2) Description of Related Art

In industries where large quantities of debris and/or waste are created, whether in solid, liquid or sludge form, it is necessary to remove the debris and to store it for proper disposal. While the use of construction equipment such as bulldozers or backhoes can be used for the removal of solid waste, removal of liquids, sludges and the like becomes much more difficult.

It would be advantageous if waste could be removed by a vacuum or other device creating a sufficiently strong suction force. The suction force required to remove a combination of solids, liquids and sludges can be very large, especially when the materials to be removed are at a lower elevation than the suction device and/or storage container into which the debris is being drawn. Creating a sufficiently strong suction force can be demanding and can consume a large amount of power. Moreover, such devices often have many moving parts, the performance of which may be negatively impacted by the dirty conditions of the worksite.

It is therefore an object of the present invention to provide a vacuum system that can create suction forces sufficient to remove large volumes of solids, liquids, sludges and mixtures thereof quickly. It is an object to provide a vacuum system capable of creating suction forces in the range of −28 HG.

It is an object of the invention to provide a device that can create a suction force through the use of compressed/forced air and/or the movement of air through the system.

It is an object of the invention to provide a device that has no moving parts that may breakdown or perform poorly due to the dirty the conditions of the job site.

SUMMARY OF THE INVENTION

In one embodiment, the present invention is a vacuum system comprising: an inlet nozzle capable of receiving a pressurized fluid; a fluid acceleration tube in fluid communication with the inlet nozzle and comprising: a first chamber that receives the pressurized fluid from the inlet nozzle, wherein the first chamber has a first interior diameter through which the pressurized fluid travels; and a second chamber that is in fluid communication with the first chamber so that the second chamber receives the pressurized fluid from the first chamber, wherein the second chamber has a second interior diameter that is less than the first diameter of the first chamber; suction inlet in fluid communication with the first chamber of the fluid acceleration tube wherein a suction force is created in the suction inlet as the pressurized fluid travels from the first chamber to the second chamber of the fluid acceleration tube and wherein the suction force draws ambient air into the suction inlet; a discharge outlet in fluid communication with the suction inlet and the fluid acceleration tube that receives the pressurized fluid from the second chamber of the fluid acceleration tube and discharges the pressurized fluid; storage container in fluid communication with the suction inlet and adapted to store materials drawn into the storage container by the suction force created so that the materials may separate from the ambient air being drawn into the storage container before the ambient air travels through the suction inlet and into the first chamber of the fluid acceleration tube; whereby when the pressurized fluid travels from the inlet nozzle to the fluid acceleration tube so that the pressurized fluid passes from the first chamber to the second chamber and out of the discharge outlet, a suction force is created in the suction inlet that causes the ambient air and the materials to enter the storage container, so the materials may be separated from the ambient air before the ambient air enters the suction inlet.

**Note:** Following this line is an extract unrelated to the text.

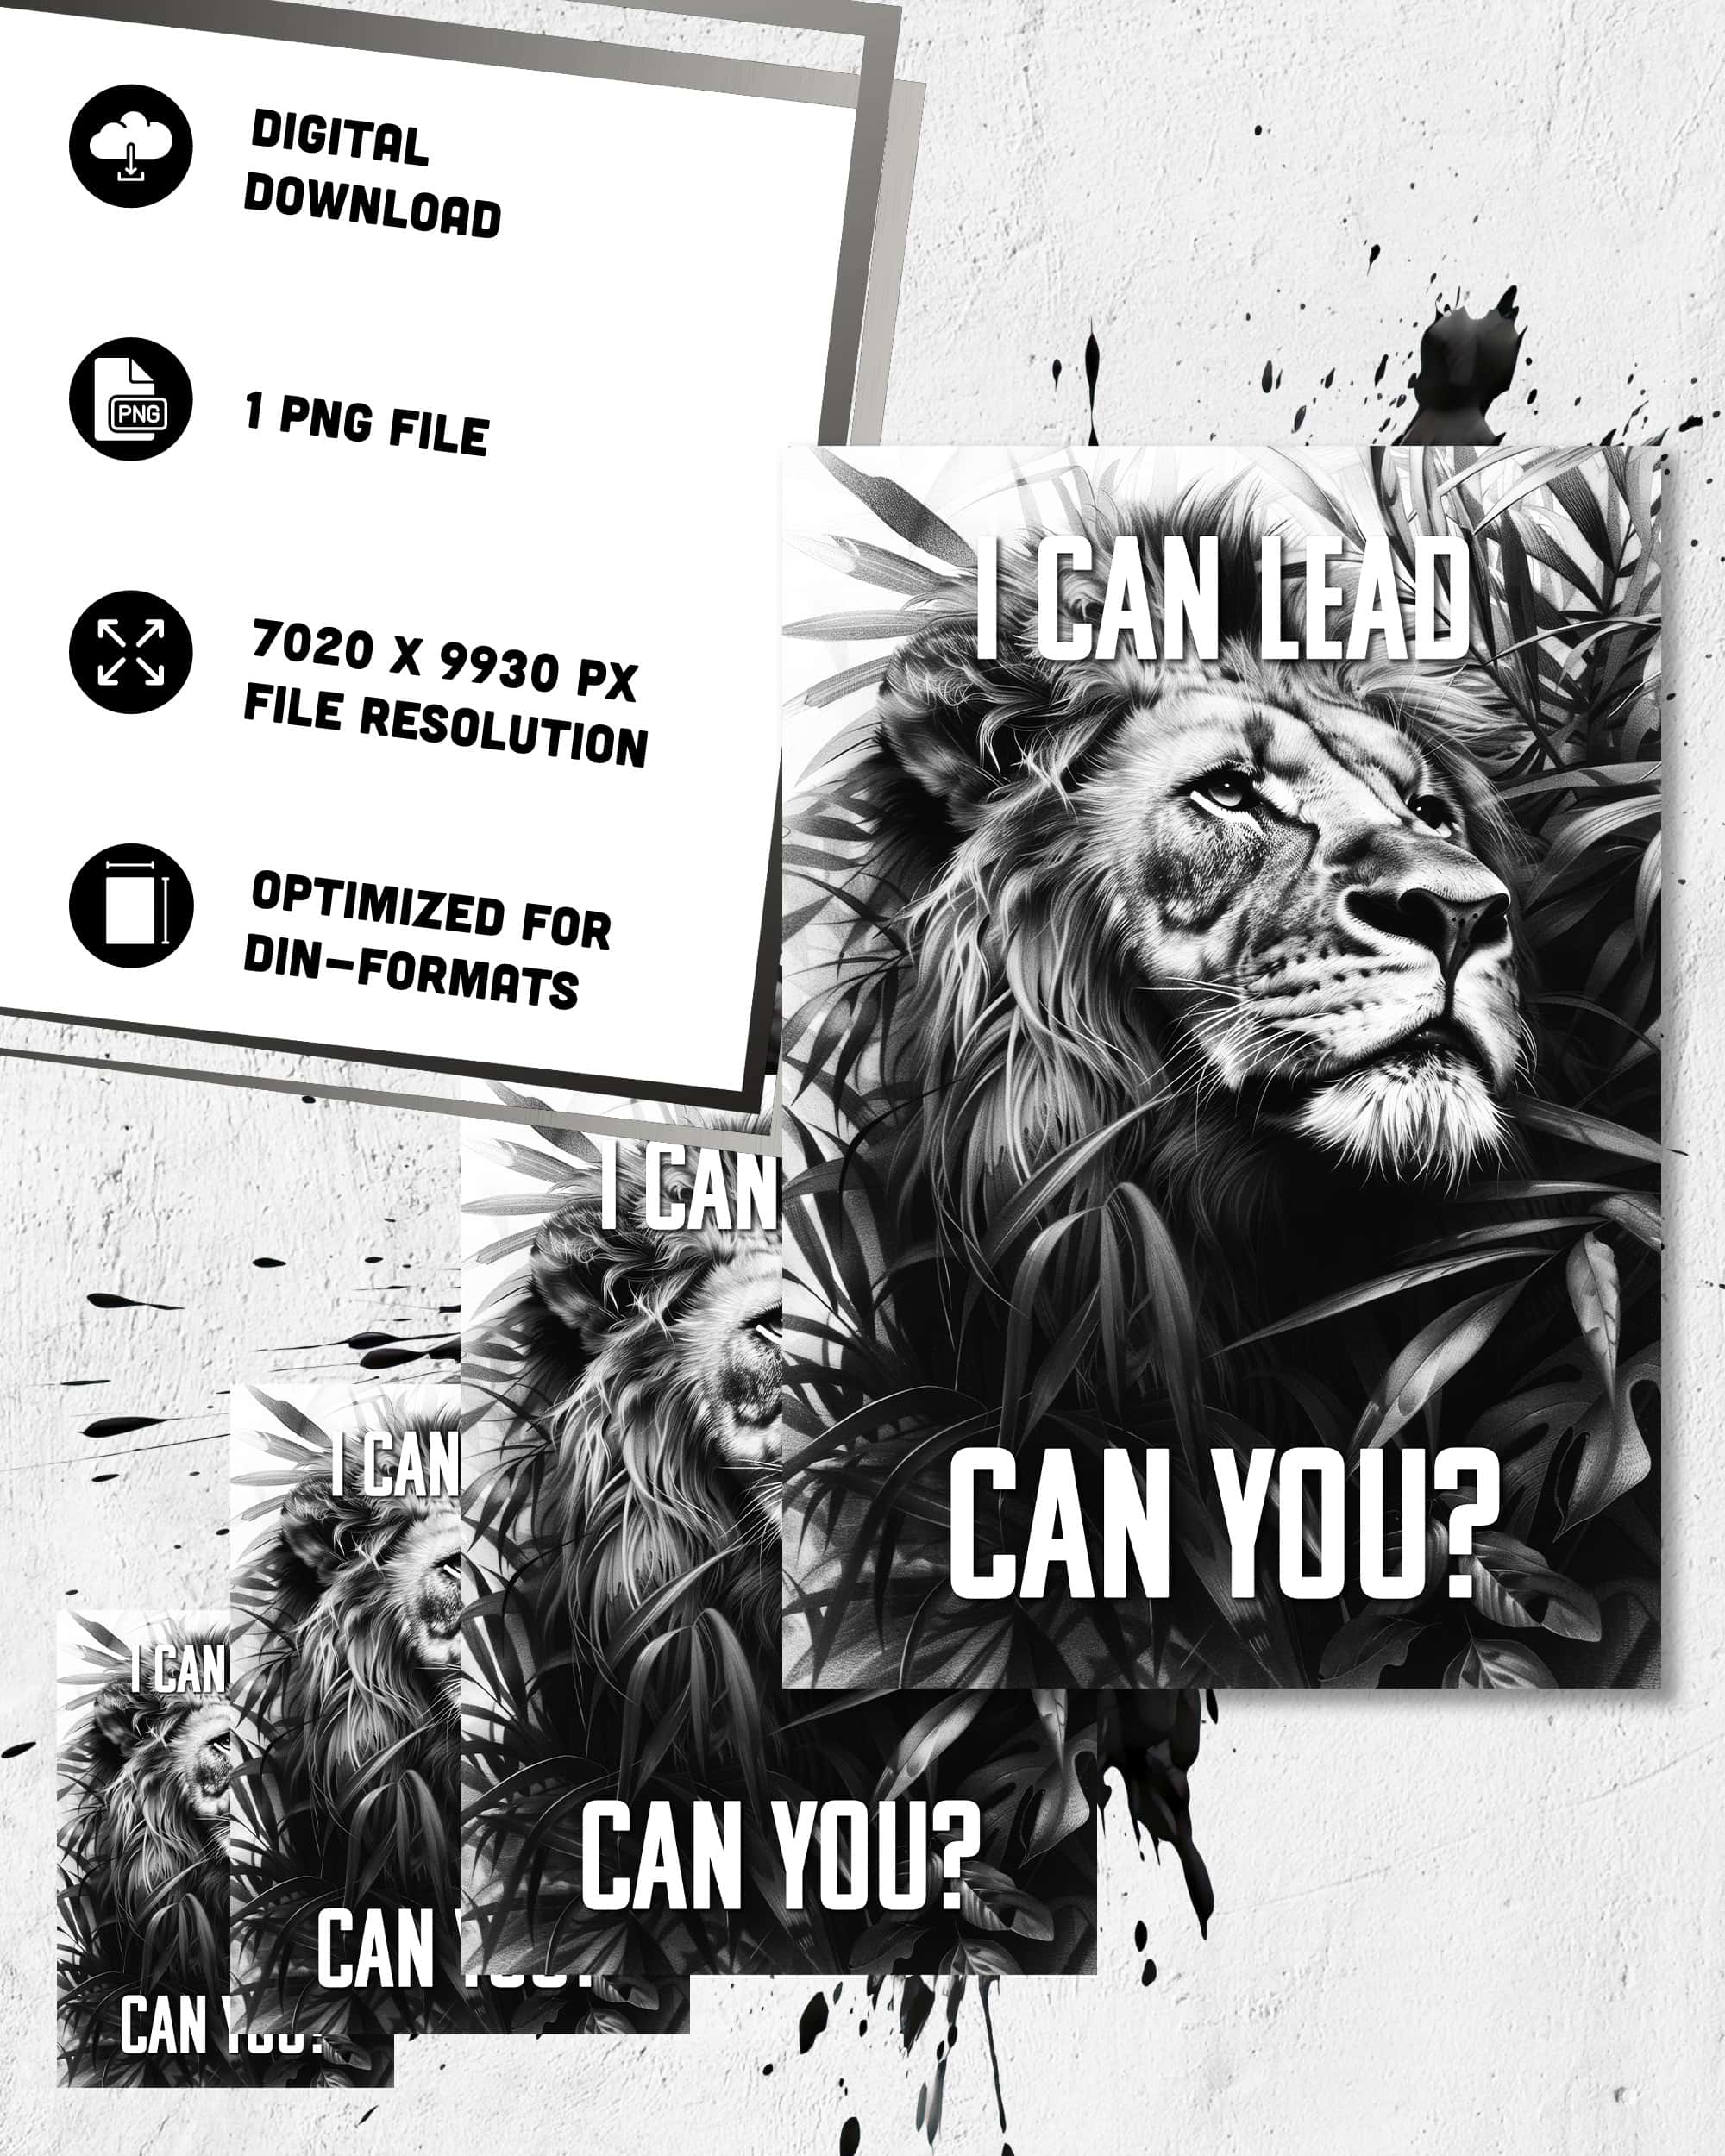 I can lead | Digital Poster
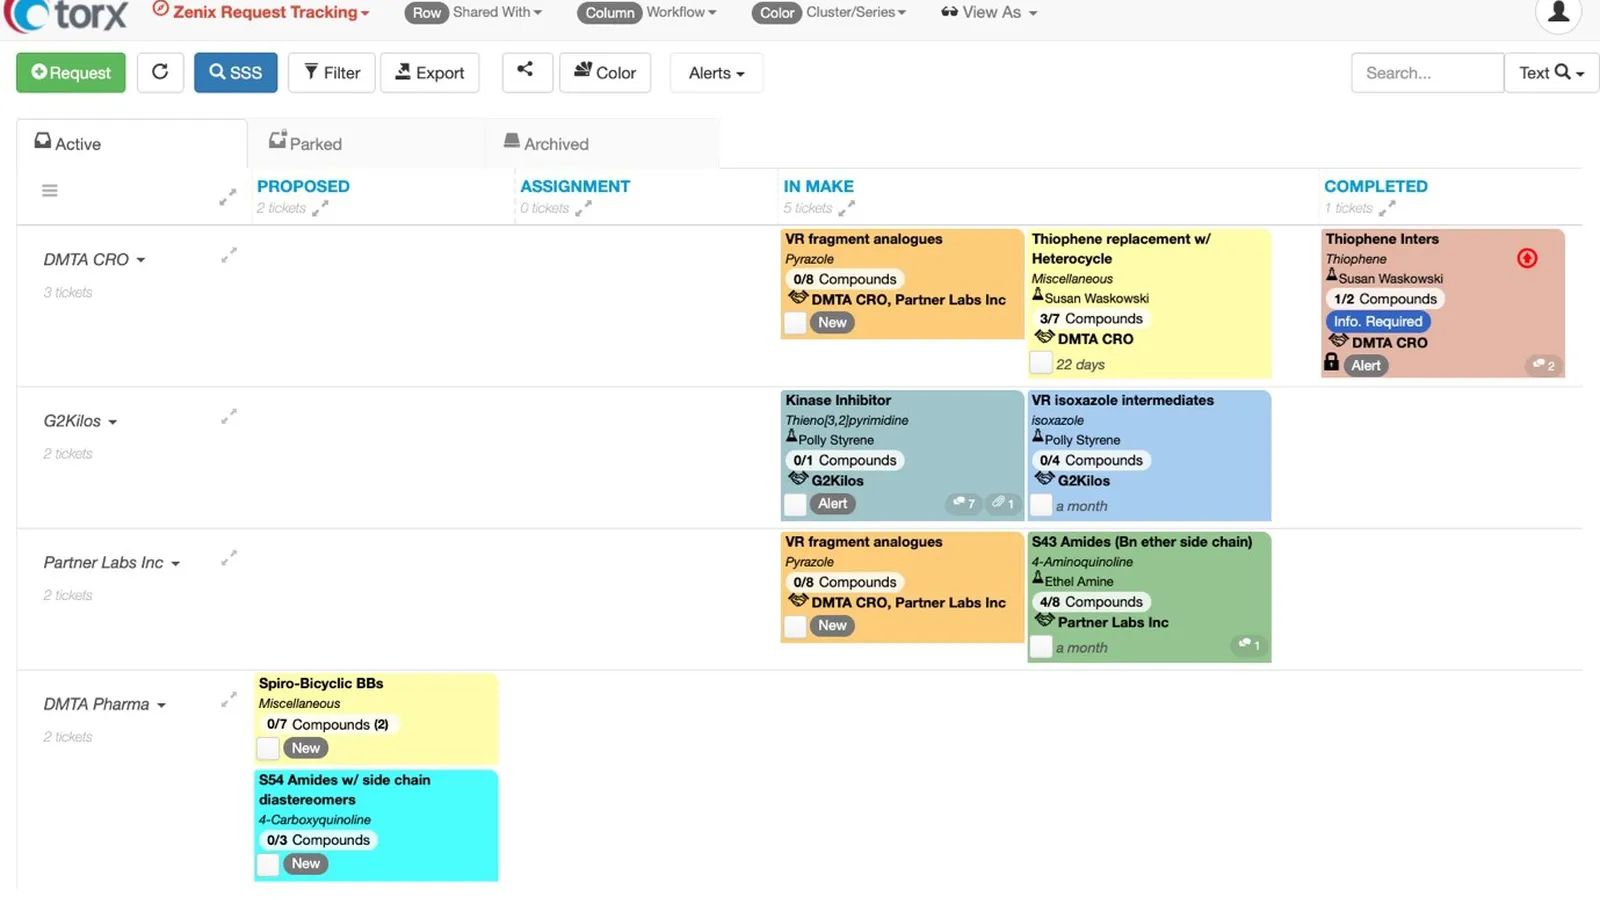 View and track the progress of all synthesis projects in the request tracking board

In a further embodiment of the present invention, the ambient air that enters the suction inlet travels into the first chamber, through the second chamber and into the discharge outlet so that the ambient air is discharged from the discharge outlet; the fluid acceleration tube further comprises a reducing coupling connecting the first chamber and the second chamber and that tapers from the first interior diameter of the first chamber to the second interior diameter of the second chamber.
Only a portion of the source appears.